—Es inquietante —asintió Fournier—. Tal vez… y esto es sólo una vaga sugerencia, nada más… tal vez deberíamos buscar a nuestros propios aliados fuera del reino, un contrapeso a ese creciente ejército de mercenarios que dirige.
—¿Quién? —preguntó Rusio con franqueza.
Fournier hizo una pausa, observando atentamente los rostros de los hombres en torno a la mesa. Por debajo de ellos podían oír el bullicio de la taberna, pero en aquella estancia el sonido más alto era el crepitar del fuego.
—La semana pasada recibí un mensaje traído por un correo de Almark, caballeros. Como sabéis, ese reino se encuentra ahora en la frontera. Los merduk han enviado exploradores al paso de Torrin. Partidas de reconocimiento, nada más, pero Almark está comprensiblemente alarmada.
—Almark es himeriana —señaló Rusio—. Y está bajo el gobierno directo de la Iglesia himeriana en este momento, según tengo entendido.
—Cierto. El prelado Marat es ahora el regente del reino, pero Marat es un hombre práctico… además de poderoso. Si accediéramos a ciertas… condiciones, estaría dispuesto a enviarnos una hueste de caballería pesada almarkiana en nuestra hora de necesidad.

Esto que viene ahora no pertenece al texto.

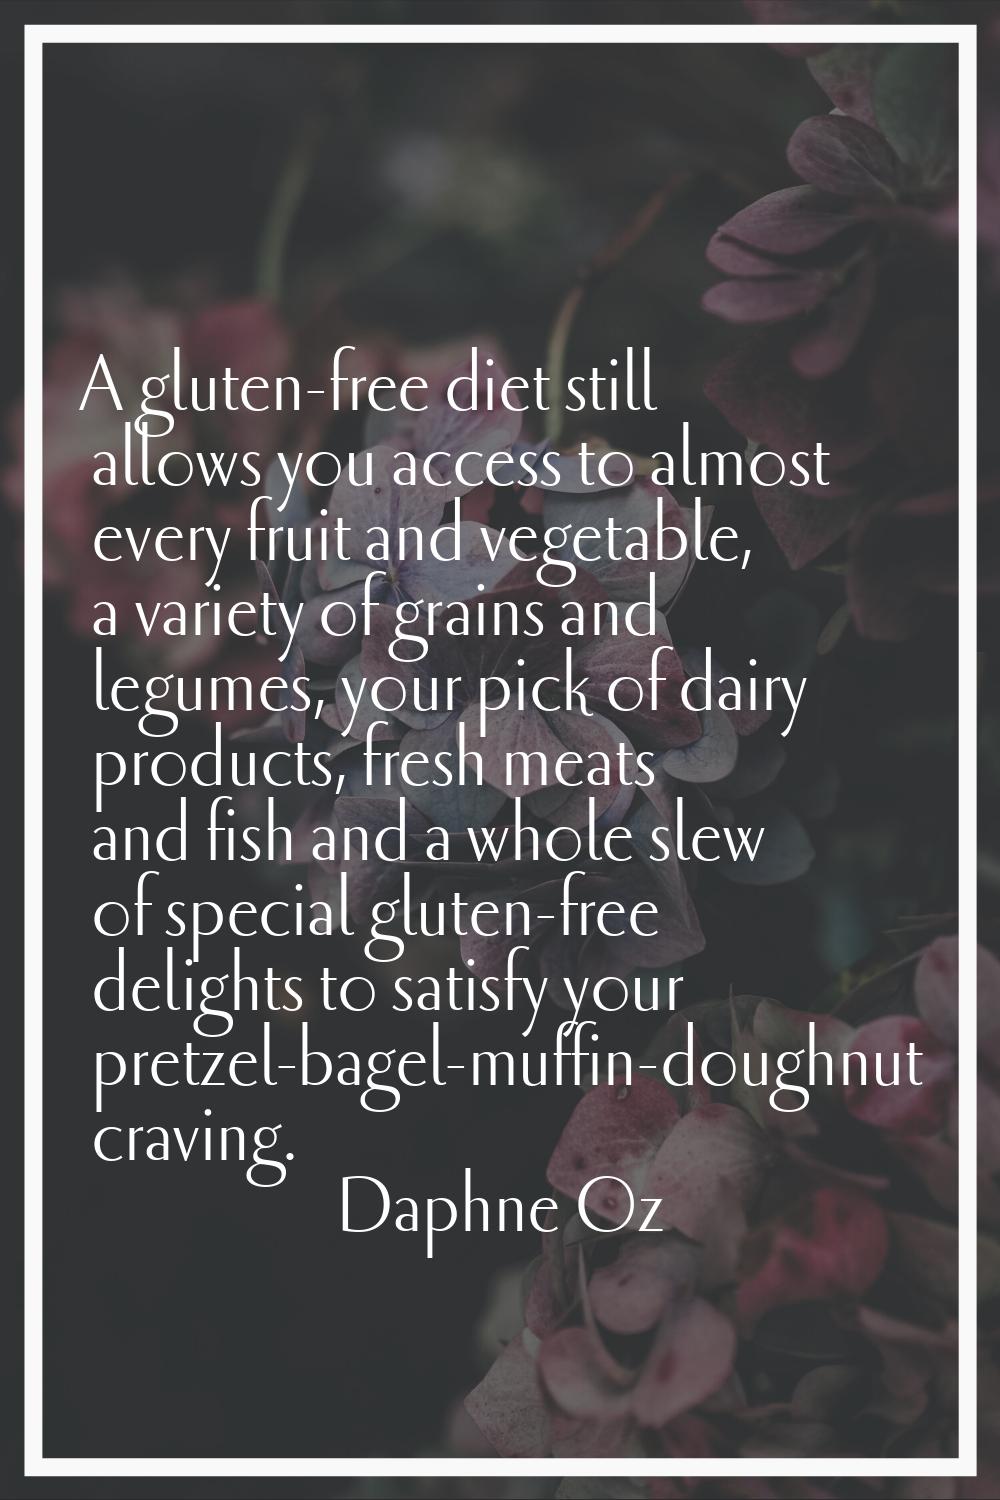 A gluten-free diet still allows you access to almost every fruit and vegetable, a variety of grains
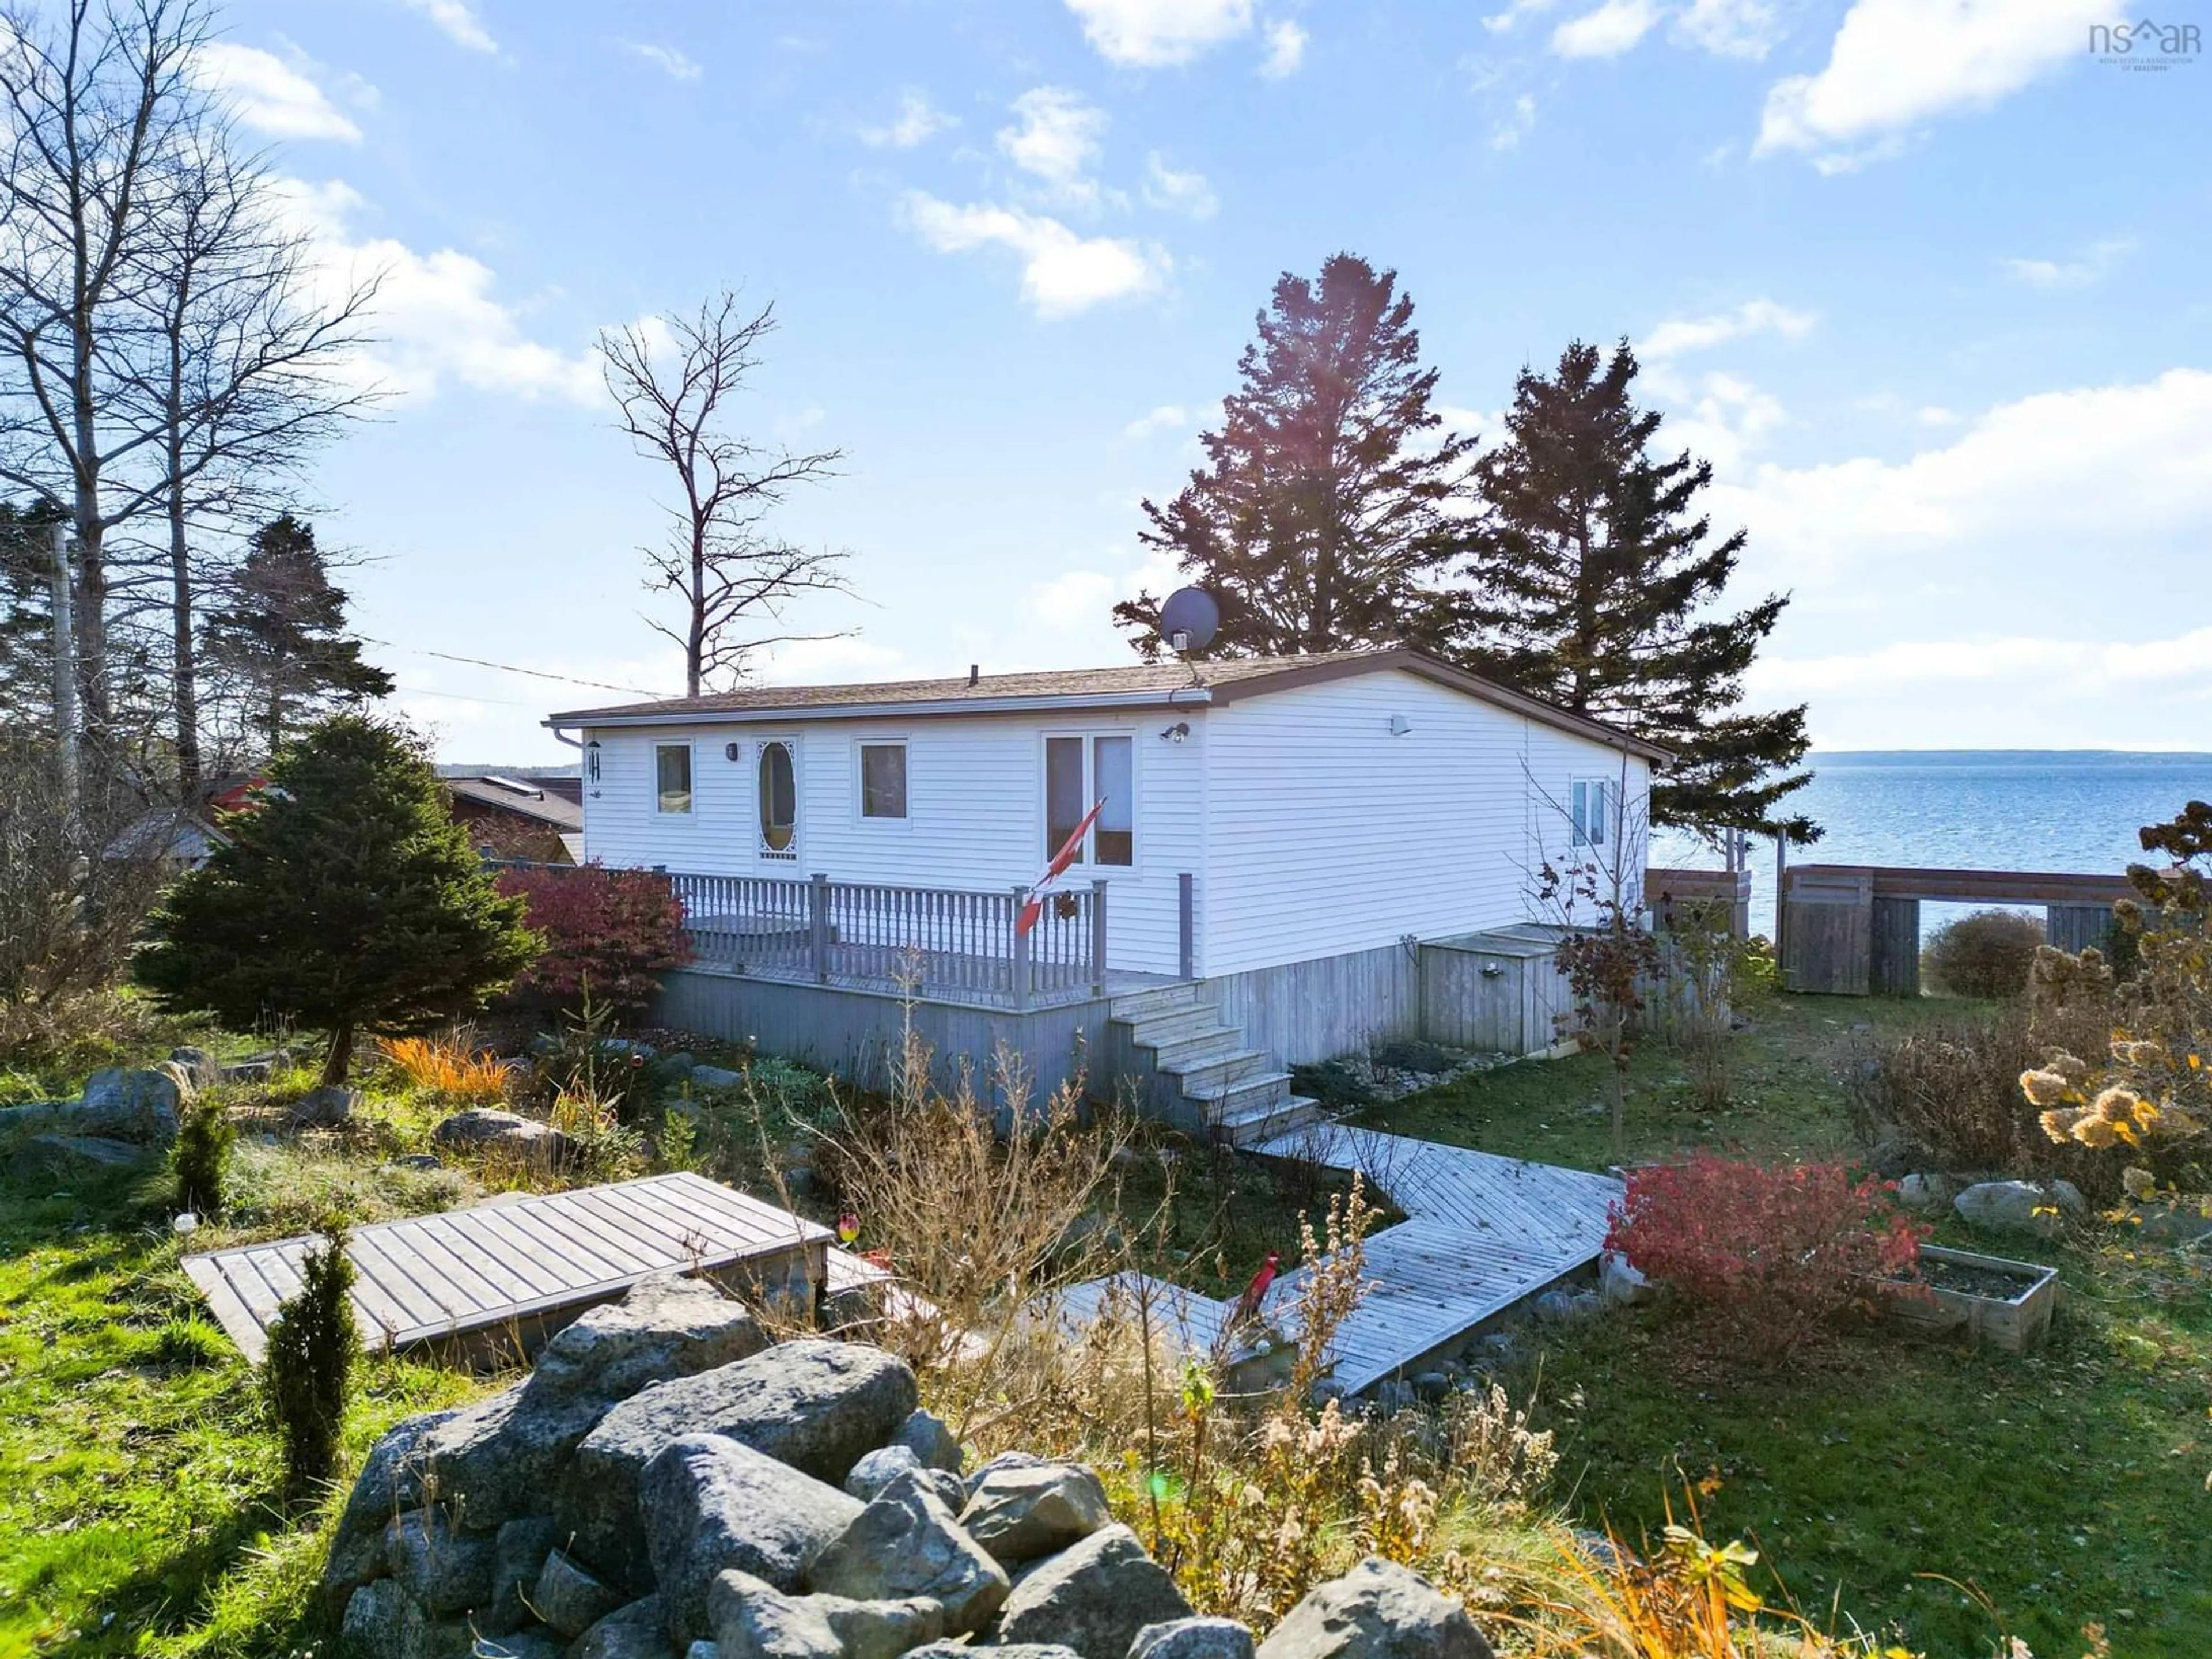 Home with unknown exterior material for 16 Seaview Lane, Seabright Nova Scotia B3Z 2Y6

—¿Qué condiciones? —preguntó Willem.
—El reconocimiento de que existen motivos para dudar de la verdadera identidad del hombre que afirma ser Macrobius.
Rusio soltó una amarga carcajada.
—¿Eso es todo? Imposible, mi querido conde. Lo sé de cierto; conocí a Macrobius cuando vivía aún en Aekir. El pontífice al que tenemos alojado aquí en Torunn es una caricatura de aquel hombre, cierto, pero es Macrobius. Los himerianos están buscando una forma de introducirse en el reino, eso es todo. Fracasaron con la guerra y la insurrección, y ahora lo intentan con la diplomacia. ¡Sacerdotes! Si pudiera, acabaría con todos esos intrigantes.
—Yo me limito a informaros de las diversas opciones disponibles —dijo Fournier, encogiéndose elegantemente de hombros—. Tampoco deseo ver tropas almarkianas en Torunna, pero el simple hecho de poder recurrir a ellas es una herramienta muy útil en la negociación. Informaré a la reina de la iniciativa. Le conviene ser consciente de ella. —No dijo nada de otra iniciativa, mucho más delicada, que se le había presentado recientemente. Ni él mismo estaba aún seguro de cómo manejarla.
—Haced lo que queráis. Por lo que a mí respecta, preferiría que nos sacaran de este embrollo otros torunianos, y no unos extranjeros heréticos y unos clérigos intrigantes.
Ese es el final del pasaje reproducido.